Fig 4. β-adrenergic signaling in Arrdc3-null adipocytes in vitro.

(A) Quantification of total Oil Red O staining of control and adipocyte-specific Arrdc3-null stromal vascular fractions after adipogenic treatment (n = 4 mice/group). Representative Oil Red O staining of stromal vascular fraction-derived adipocytes from control and adipocyte-specific Arrdc3-null mice. (B) Quantitative PCR analysis of Ucp1 upregulation upon 4 hours of isoproterenol treatment of control and Arrdc3-null cells (n = 4 mice/group). (C) Western analysis of Ucp1 protein expression upon 24 hours of isoproterenol treatment in control and Arrdc3-null cells. (D) cAMP concentration in control and Arrdc3-null cells upon 5 minutes of isoproterenol treatment (n = 3 mice/group). (E) Glycerol concentrations of control and Arrdc3-null cell media after 3 hours of isoproterenol treatment (n = 4 mice/group). (F) Western analysis of CREB and HSL phosphorylation of control and Arrdc3-null cells upon 5 minutes of isoproterenol treatment (n = 3 mice/group).

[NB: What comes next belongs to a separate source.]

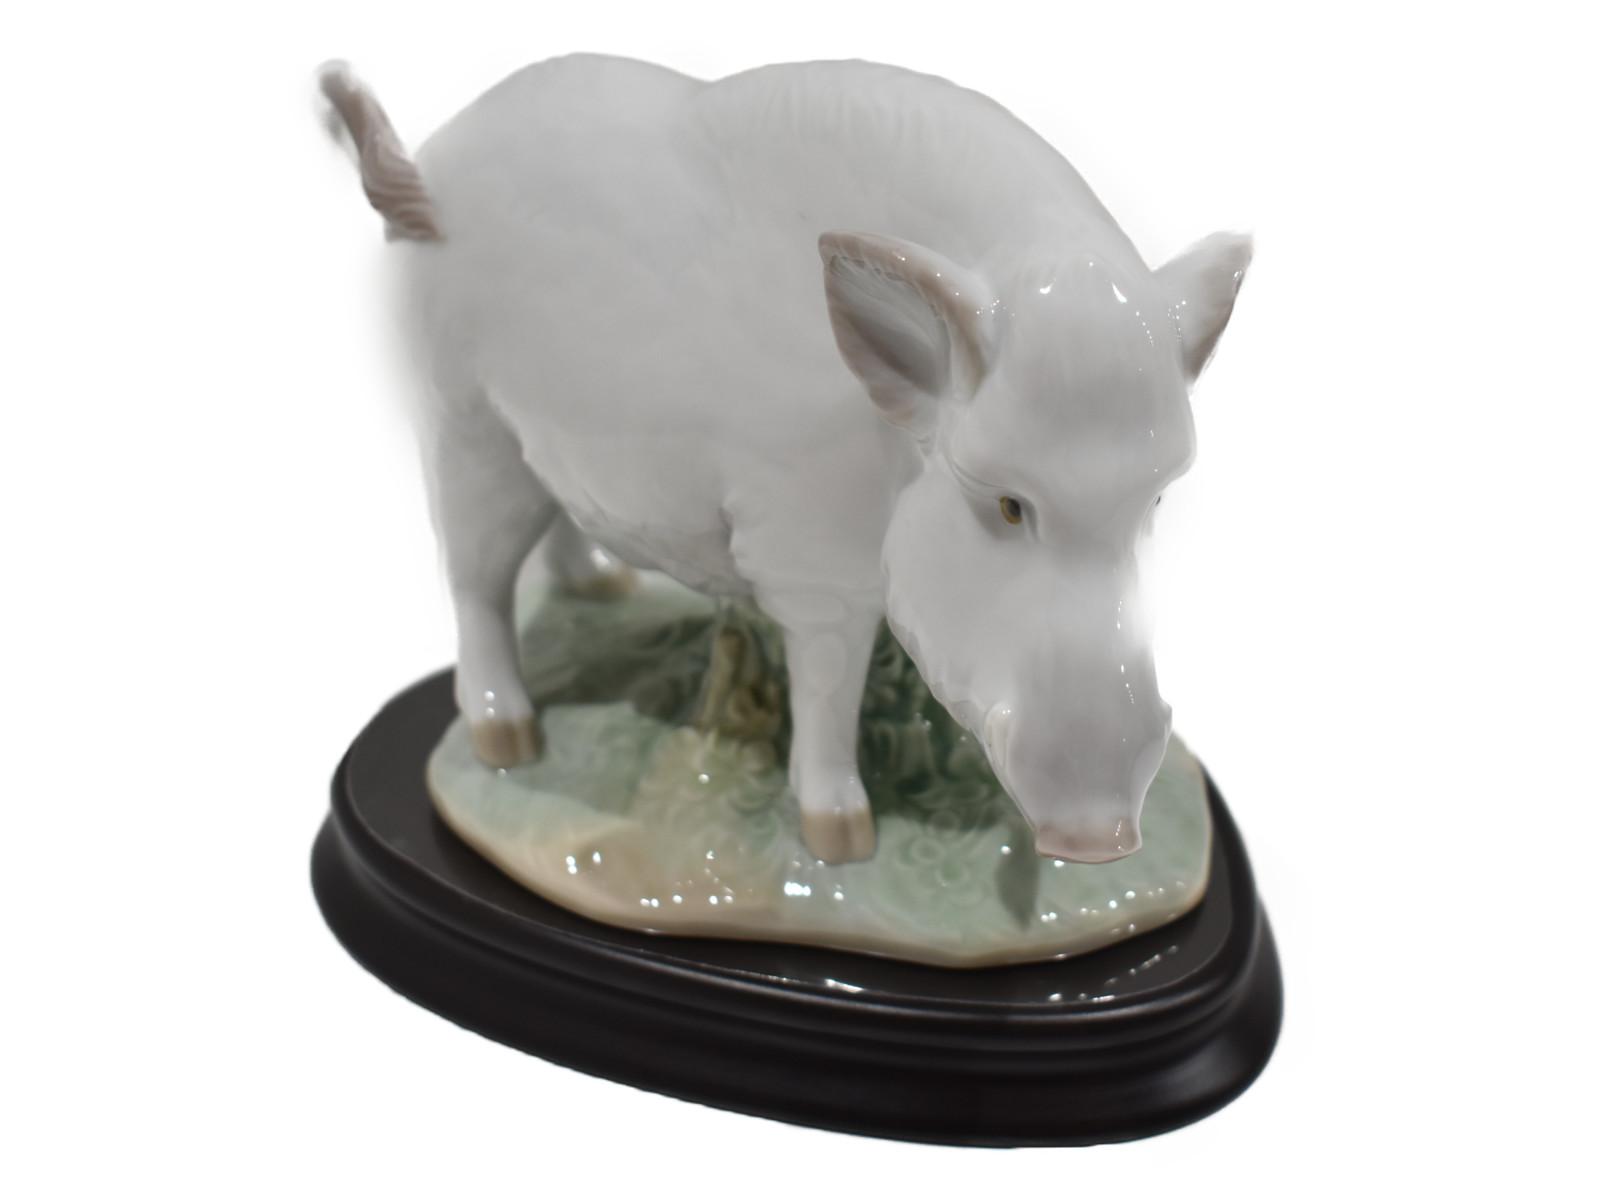 【☆十二支コレクション☆】LLADRO猪 陶器 LLADRO 陶器 インテリア 置物 雑貨 猪 十二支【中古】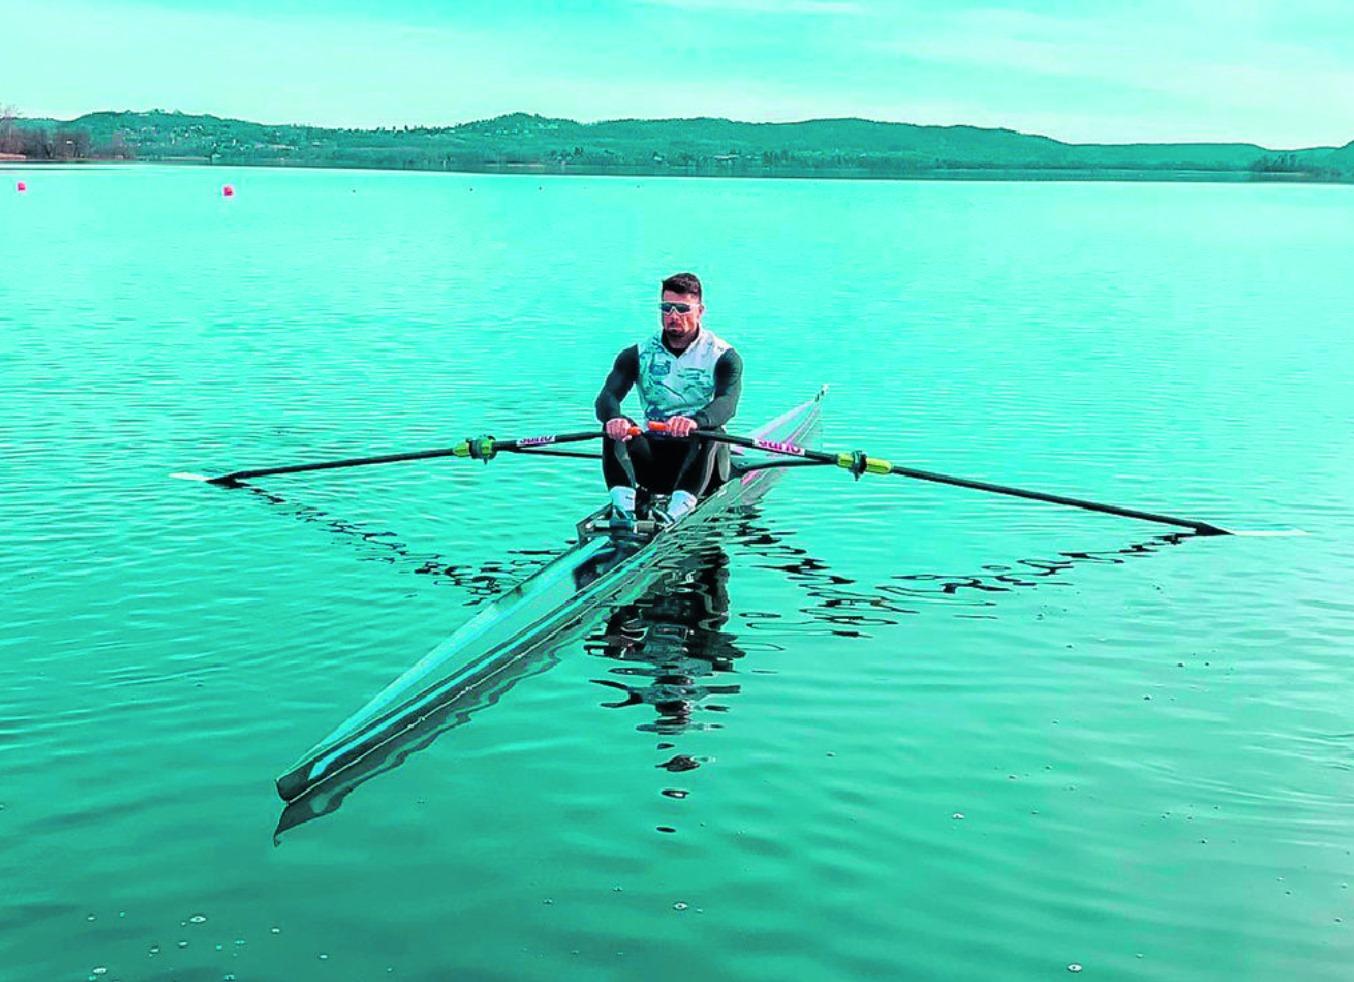 У израильского спортсмена в Днепре украли лодку

Fig 5. Arrdc3 deletion increases PPAR target gene expression in adipocytes.

Quantitative PCR array analysis of gene expression of PPAR target genes, PPAR cofactors and PPARs and associated transcription factors in control versus Arrdc3 SVF-derived adipocytes in vitro (n = 3 mice per group). Only significantly different genes are displayed. *p≤ 0.05.